■ Prompt ■
Nothing but an exact copy is asked for: the lines in the material below from the one with "Dein Schlafzimmer Stil" through the one with "卓越した技術でザーメンを搾り取る人妻のフェラチオ画像 21287", pictures excluded.

■ Dataset content ■
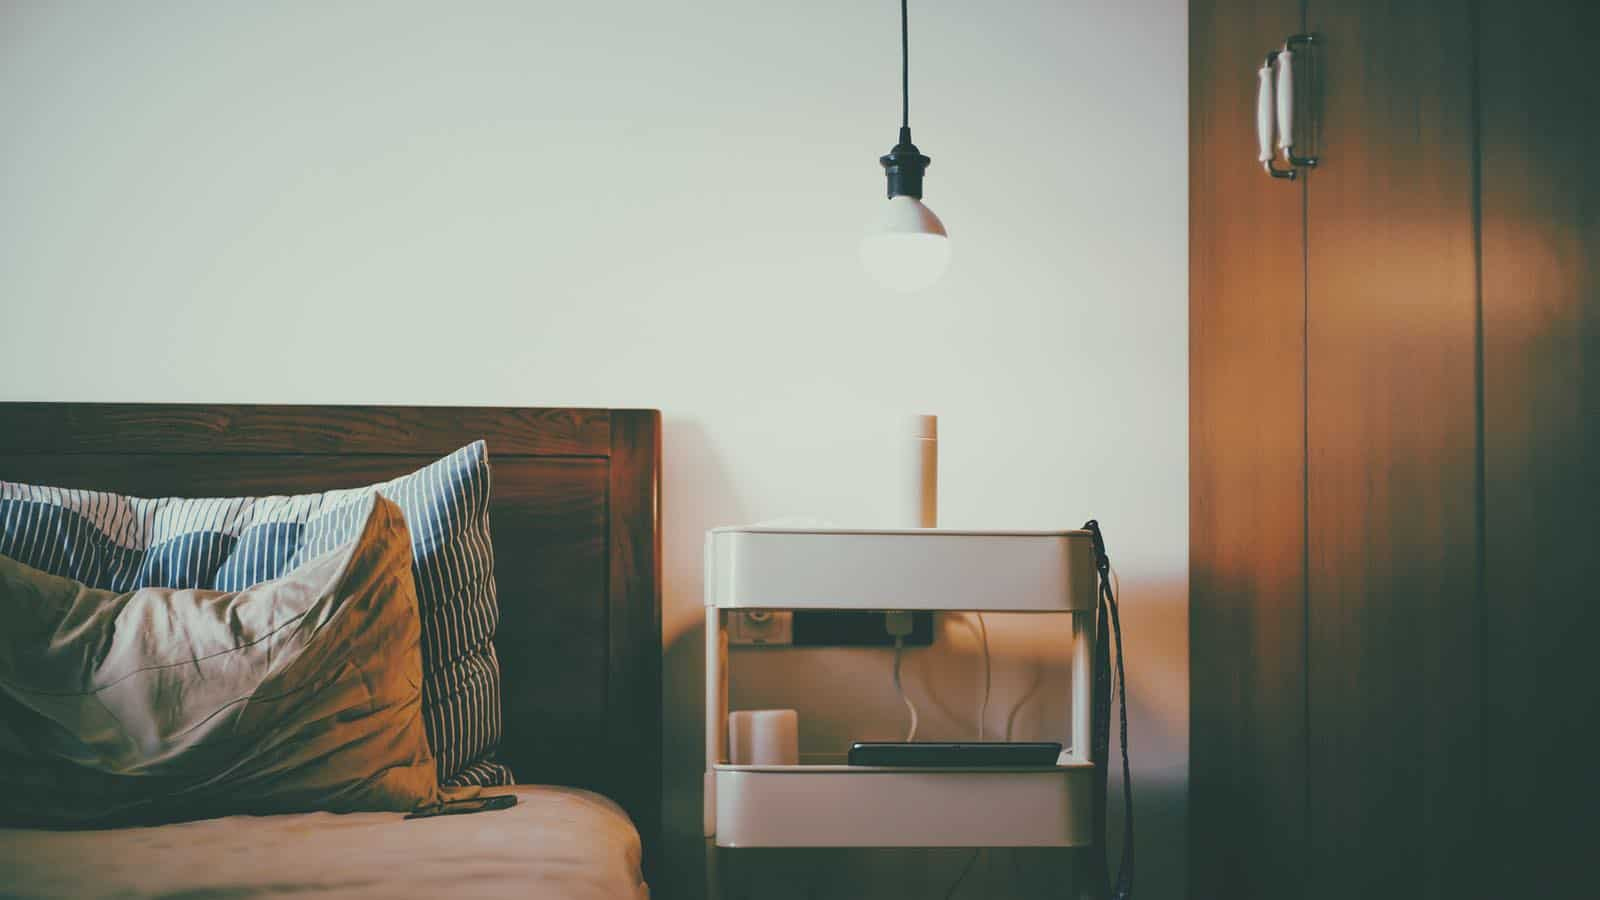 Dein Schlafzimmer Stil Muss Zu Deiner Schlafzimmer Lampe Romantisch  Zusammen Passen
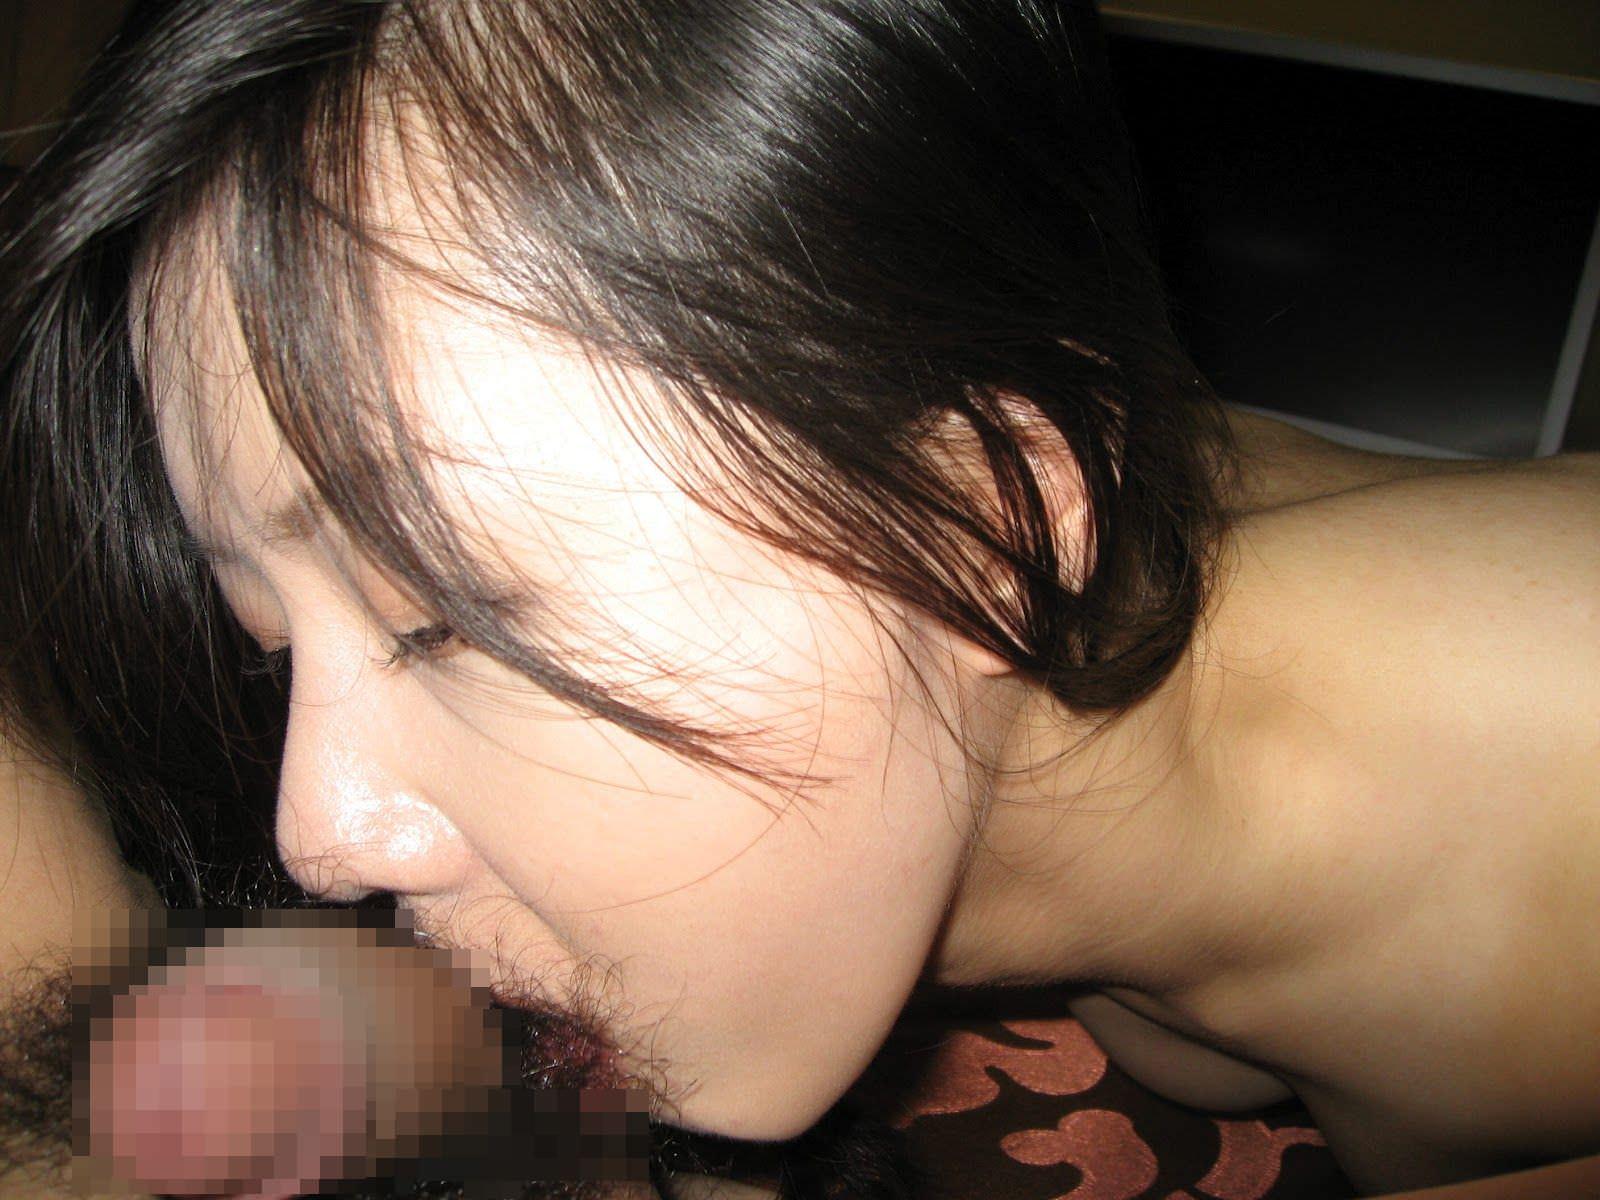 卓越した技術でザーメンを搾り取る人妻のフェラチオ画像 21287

---

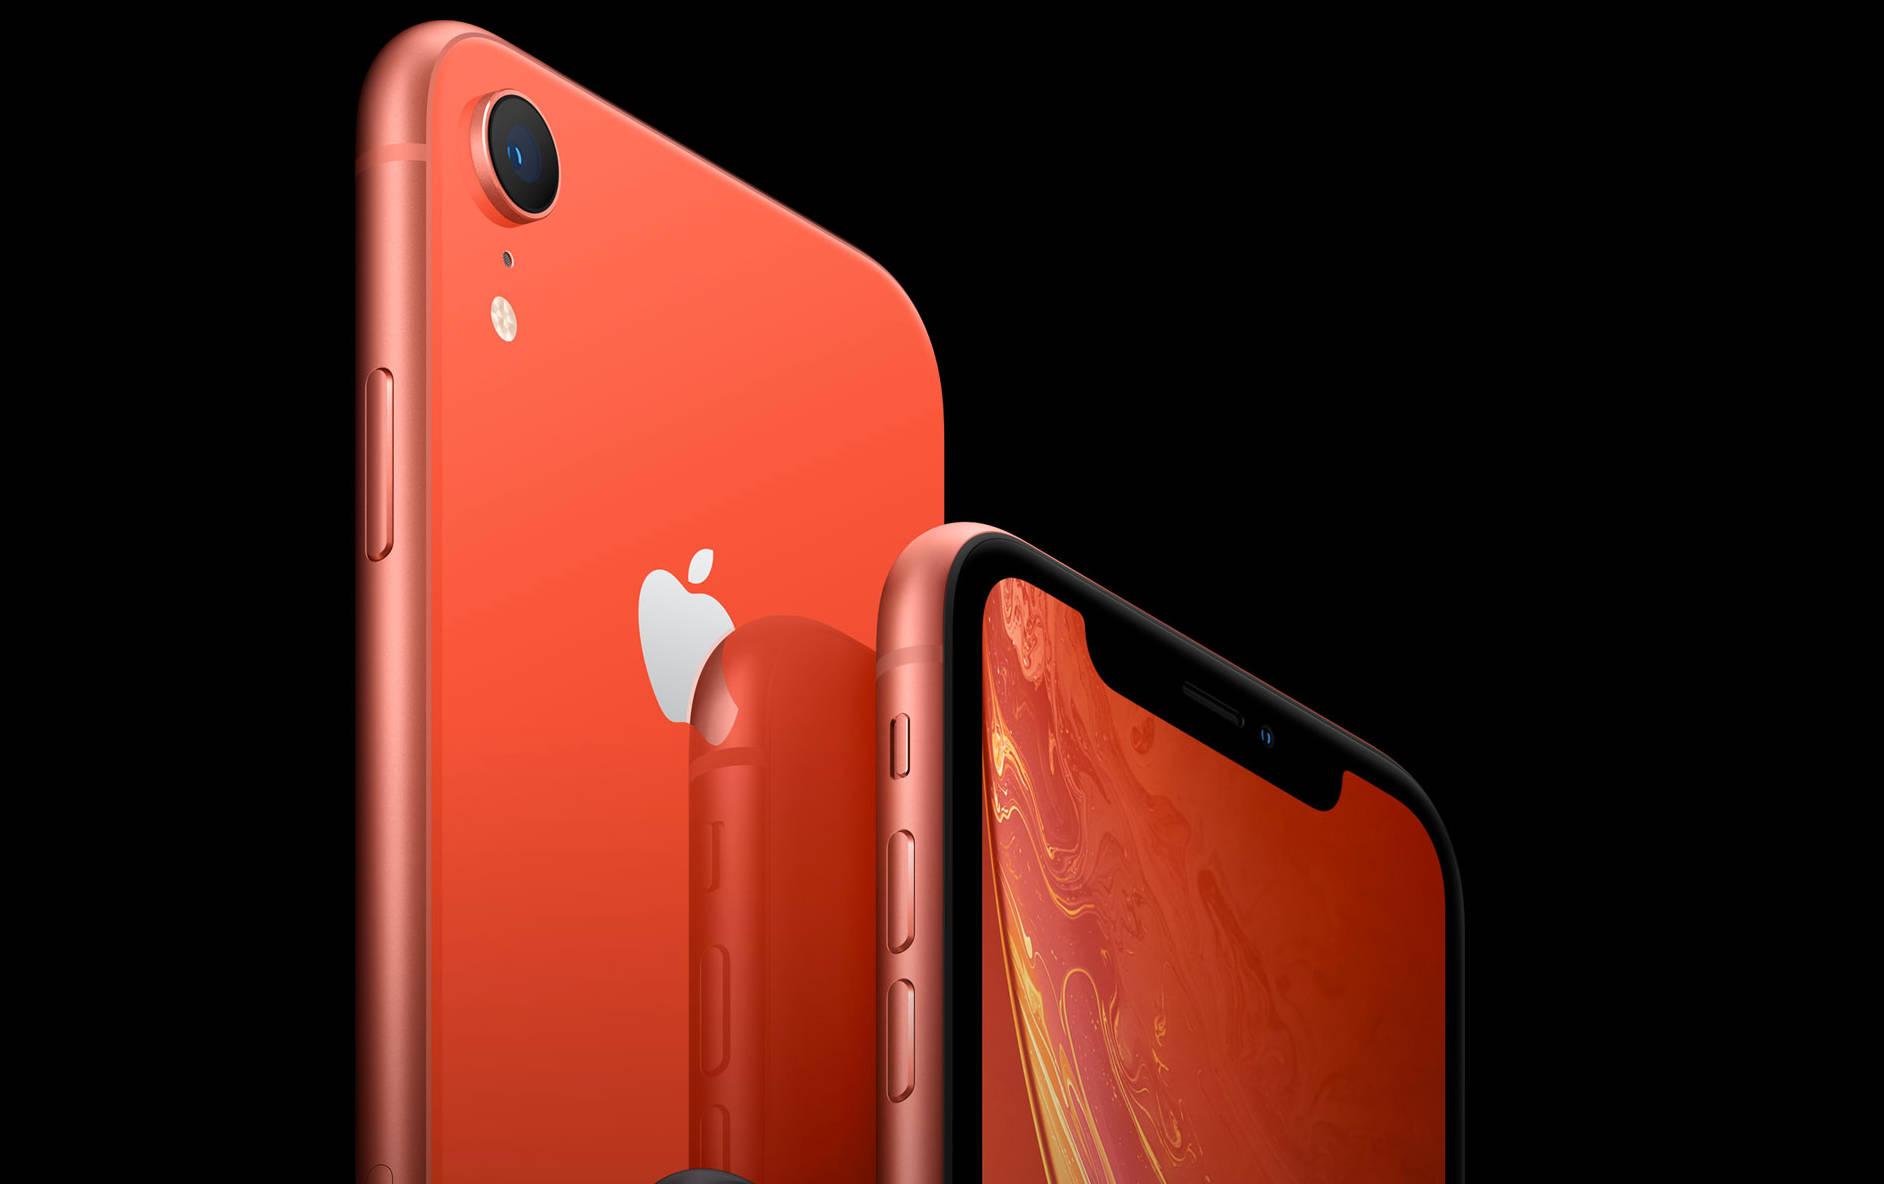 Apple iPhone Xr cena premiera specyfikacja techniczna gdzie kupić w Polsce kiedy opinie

...

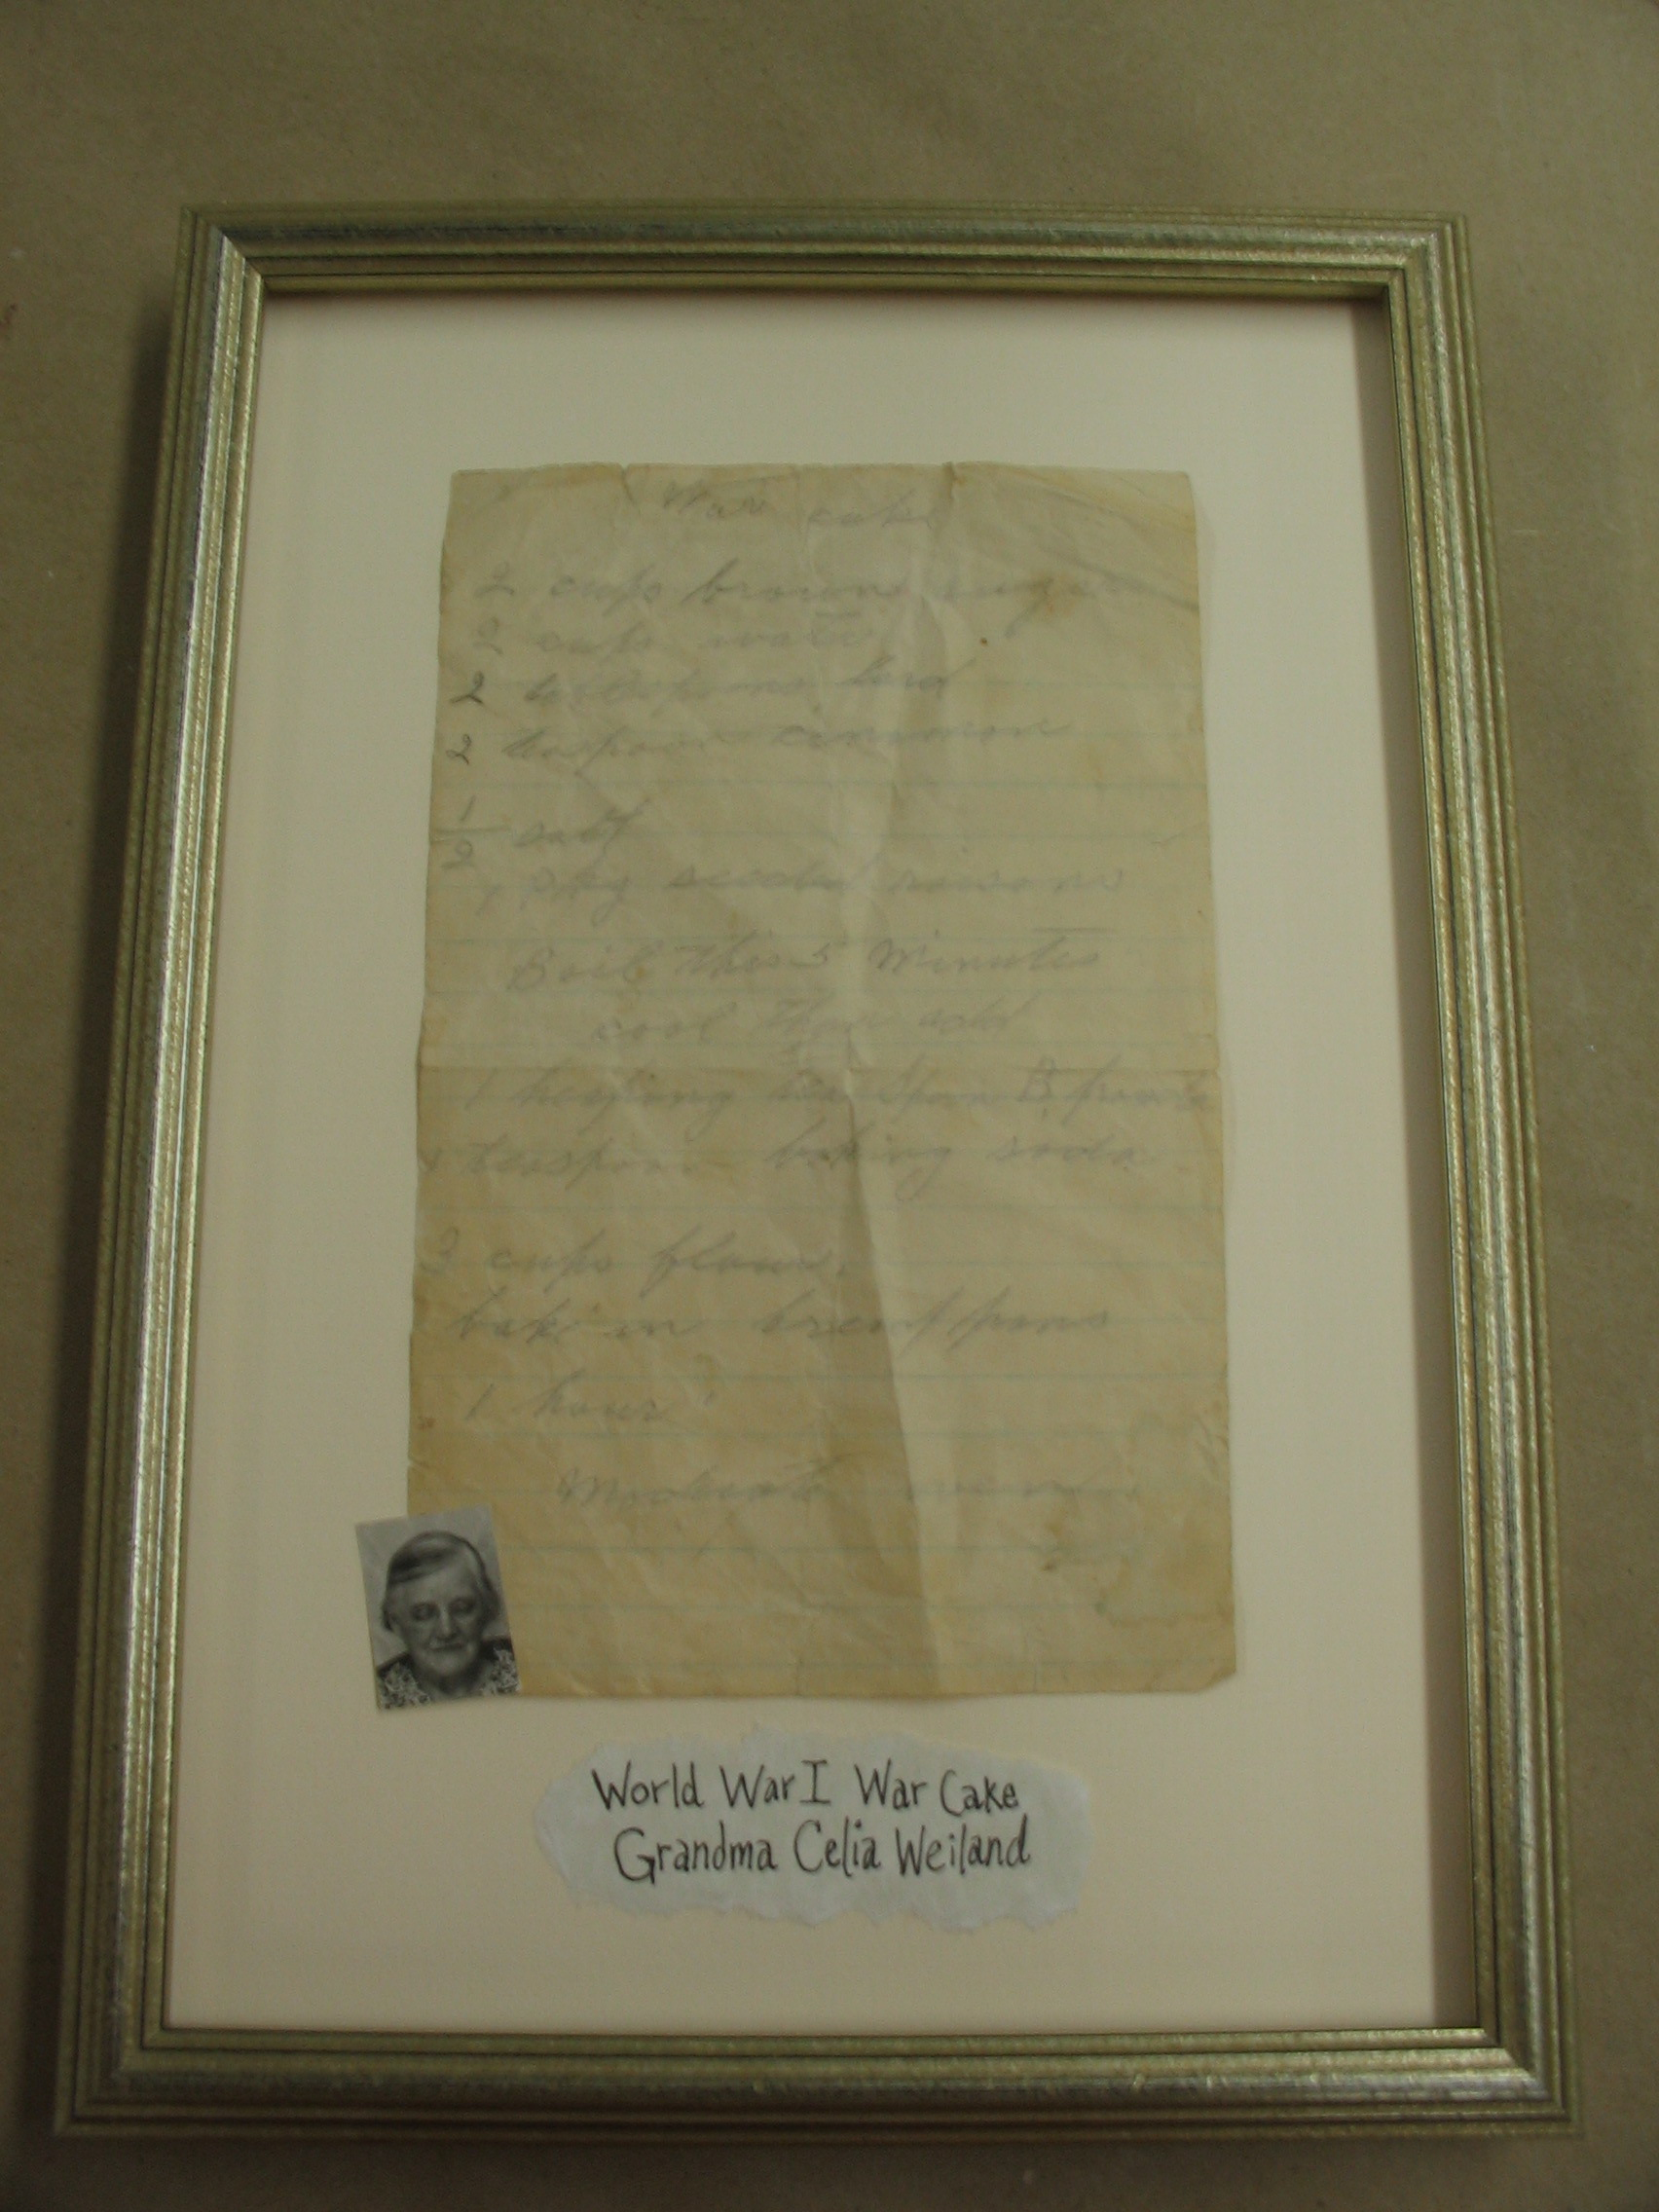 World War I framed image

■ Response area ■
 Dein Schlafzimmer Stil Muss Zu Deiner Schlafzimmer Lampe Romantisch  Zusammen Passen
 卓越した技術でザーメンを搾り取る人妻のフェラチオ画像 21287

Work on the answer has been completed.